I'm trying to solve this problem:
By differentiating the definition of the Fourier sine transform $\tilde f_s(w)$ of the function $f(t) = t^{−1/2}$ with respect to ω, and then integrating the resulting expression by parts, find an elementary differential equation satisfied by $\tilde f_s(w)$. Hence show that this function is its own Fourier sine transform, i.e. $\tilde f_s(w)$ = Af(w), where A is a constant.

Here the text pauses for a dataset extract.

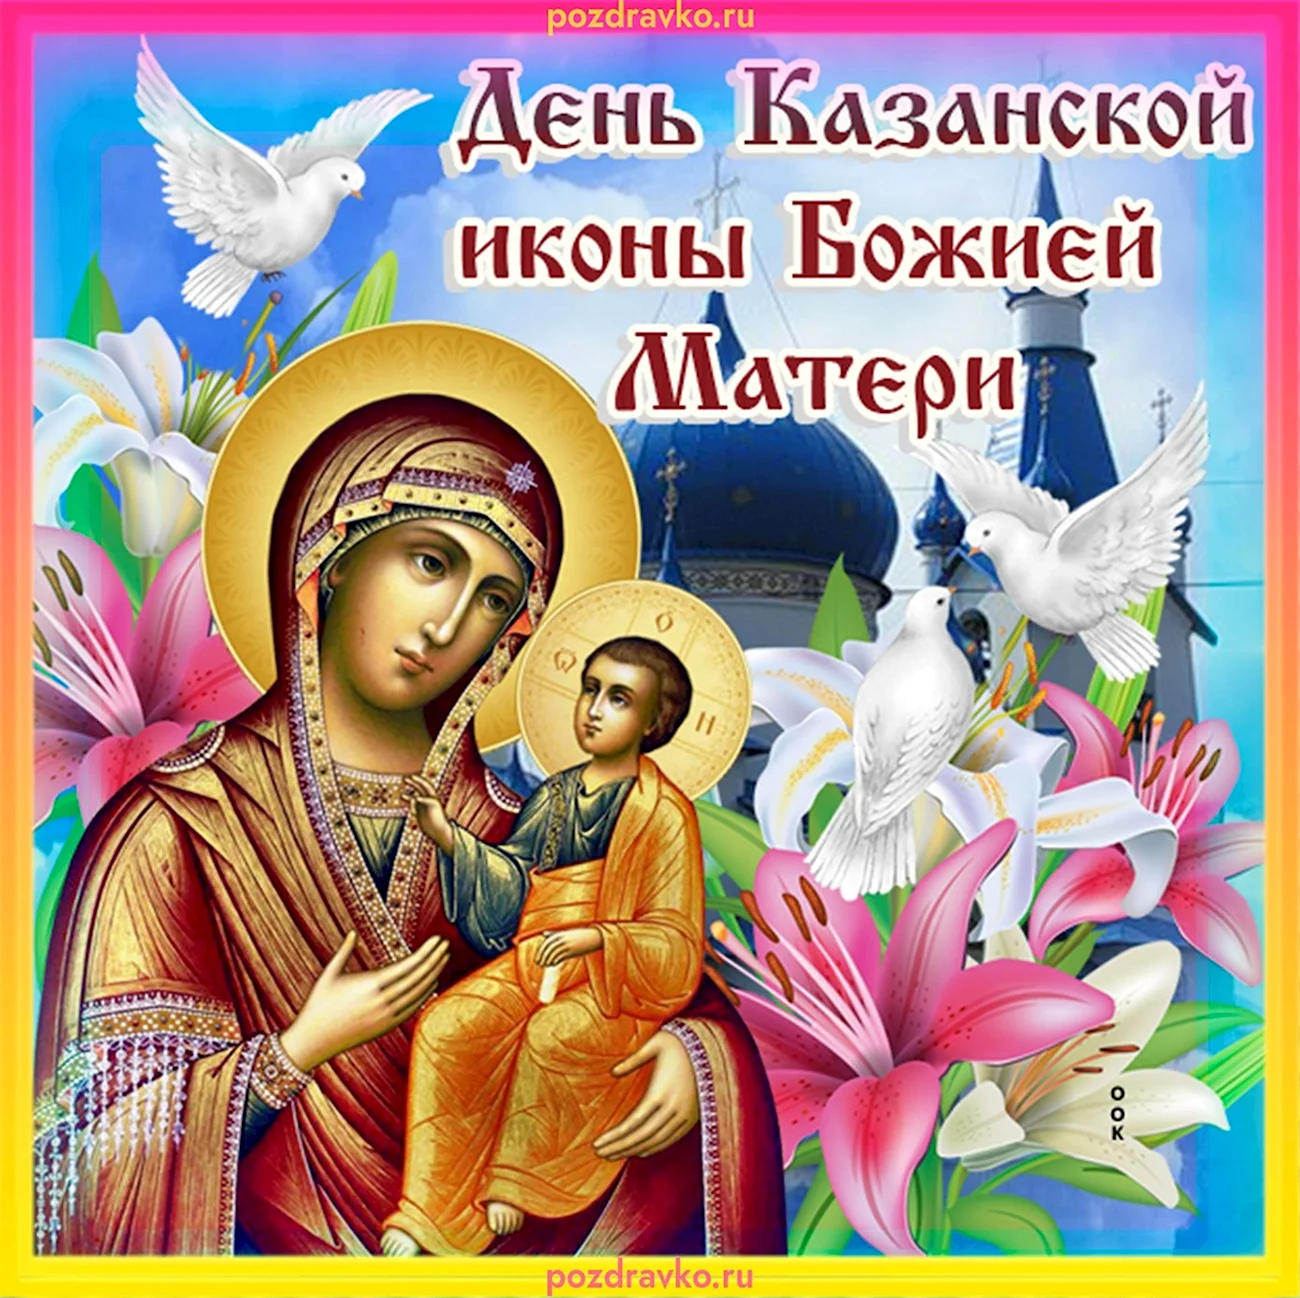 Иконы Казанской Божьей матери в 2021. Поздравление

Assume that the limit as x → ∞ of $x^{1/2} sin (\alpha x)$ can be taken as zero.
My attempt:
Fourier sine transform of f is given by
$$\sqrt{\frac{2}{\pi}} \int^{\infty}_0 t^{-1/2}sin(wt)\, dt $$
Differentiating this w.r.t w gives:
$$\sqrt{\frac{2}{\pi}} \int^{\infty}_0 t^{1/2}cos(wt)\, dt $$
integrating by parts:
$$\sqrt{\frac{2}{\pi}} [\frac{t^{1/2}sin(wt)}{w} |^{\infty}_0 – \int^{\infty}_0 \frac{sin(wt)}{2wt^{1/2}}\, dt] $$
by assumption as x → ∞ of $x^{1/2} sin (\alpha x)$ can be taken as zero:
$$-\sqrt{\frac{2}{\pi}} \int^{\infty}_0 \frac{sin(wt)}{2wt^{1/2}}\, dt $$
My question is how do I take this integral?
Thanks!
Best Answer
Let $$F(w) = \int_0^\infty t^{-1/2} \sin (w t)\, dt$$
$$F(w) = w^{-1/2} \int_0^{\infty} w^{-1/2}t^{-1/2} \sin wt \, w dt$$
Let $q=wt$.
$$F(w) = w^{-1/2} \int_0^\infty q^{-1/2} \sin q \, dq = \text{const.}\cdot w^{-1/2}.$$
It is known that $\int_0^\infty q^{-1/2} \sin q \, dq = \sqrt{\frac{\pi}{2}}$, but we don't need to evaluate this integral to show that $t^{-1/2}$ is its own Fourier transform (up-to-a-constant).
UPDATE:
One way to compute $\int_0^\infty q^{-1/2} \sin q\, dq = 2\int_0^\infty \sin p^2 \, dp, $ is to consider the contour integral $$ \oint_C e^{i z^2} \, dz$$ with C the segment $0$ to $R$ along the $x$-axis, a quarter circle of radius $R$ from $R$ to $z^\star=Re^{i\pi/4}$ and a segment from $z^\star$ to the origin (a slice (1/8) of a pie of radius $R$).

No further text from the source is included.